Correct, but for trying out a simple read on a SATA drive for Linux I
end up here first :-)  Well, until the kernel retries a number of times
and finally gives up and returns an error while also disabling NCQ for
the device.


>> +static void ncq_media_err(NCQTransferState *ncq_tfs, uint64_t err_sector)
>> +{
>> +IDEState *ide_state = _tfs->drive->port.ifs[0];
>> +
>> +ide_state->error = ECC_ERR;
>> +ide_state->status = READY_STAT | ERR_STAT;
>> +ncq_tfs->drive->port_regs.scr_err |= (1 << ncq_tfs->tag);
>> +ncq_tfs->lba = err_sector;
>> +qemu_sglist_destroy(_tfs->sglist);
>> +ncq_tfs->used = 0;
>> +}
>> +
> 
> If you are definitely very sure you only want an ide_state error
> difference, you could just as well call ncq_err and then patch
> ide_state->error.
> 
> (I am not sure that's what you want, but... maybe it is?)

As I mentioned above, return an unrecoverable media error.

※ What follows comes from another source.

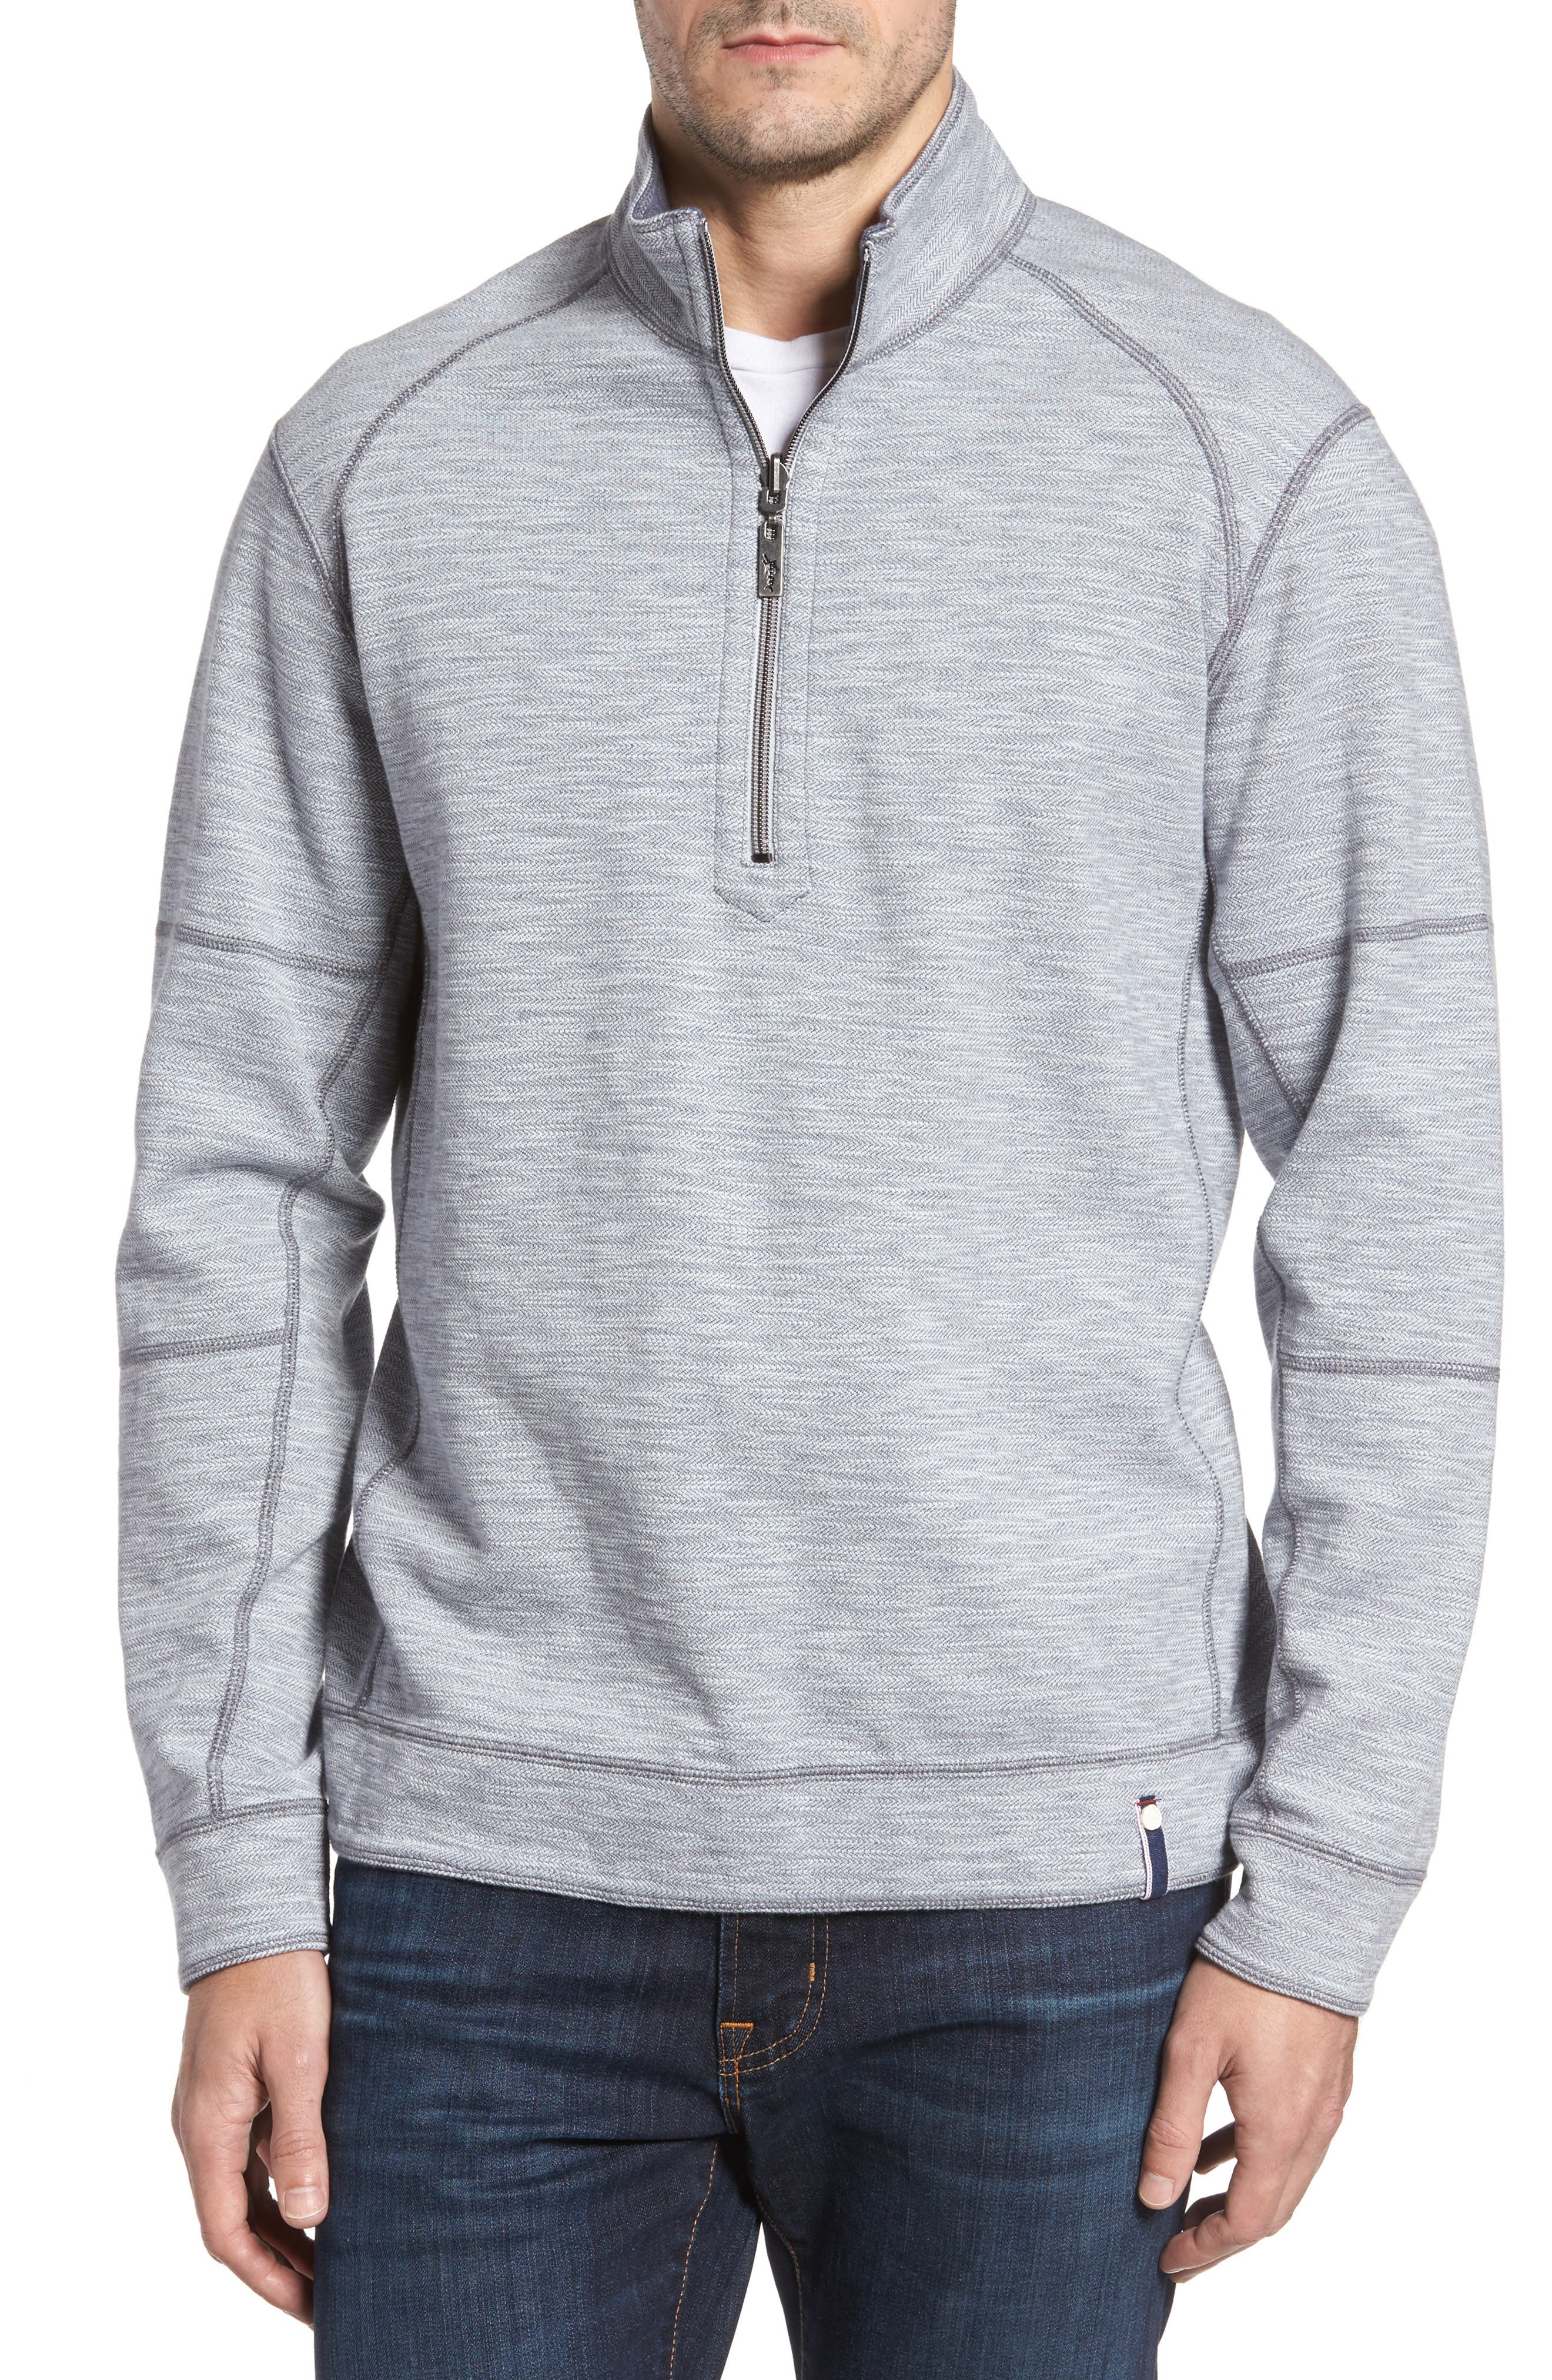 Alternate Image 1 Selected - Tommy Bahama Sandbar Slub Reversible Quarter Zip Pullover

SCSI sense data can report the first sector in error and I thought I
could do the same for SATA too?

> I'd have to check -- because I can't say the AHCI emulator was designed
> so much as congealed -- but you might need calls to ncq_finish.
> 
> usually, ncq_cb handles the return from any NCQ command and will call
> ncq_err and ncq_finish as appropriate to tidy up the command.
> 
> It might be a mistake that execute_ncq_command issues ncq_err in the
> `default` arm of the switch statement without a call to finish.
> 
> If we do call ncq_finish from this context I'm not sure if we want
> block_acct_done here unconditionally. We may not have started a block
> accounting operation if we never started a backend operation. Everything
> else looks about right to me.
> 
> 
>>  static void ncq_finish(NCQTransferState *ncq_tfs)
>>  {
>>  /* If we didn't error out, set our finished bit. Errored commands
>> @@ -1065,6 +1082,8 @@ static void execute_ncq_command(NCQTransferState 
>> *ncq_tfs)
>>  {
>>  AHCIDevice *ad = ncq_tfs->drive;
>>  IDEState *ide_state = >port.ifs[0];
>> +uint64_t error_sector = 0;
>> +char device_id[32];
>>  int port = ad->port_no;
>>  
>>  g_assert(is_ncq(ncq_tfs->cmd));
>> @@ -1072,6 +1091,14 @@ static void execute_ncq_command(NCQTransferState 
>> *ncq_tfs)
>>  
>>  switch (ncq_tfs->cmd) {
>>  case READ_FPDMA_QUEUED:
>> +sprintf(device_id, "%lu", ide_state->wwn);
> 
> This seems suspicious for your design in general, but I'd like to not
> run sprintf to a buffer in the hotpath for NCQ.

I totally agree.

I started out using integers in the call for error_in_read, as that is
what SCSI uses internally for wwn.  Then I did NVMe and it's using a
string that doesn't apparently need to be an integer for the wwn? so I
changed it to being a string to accommodate.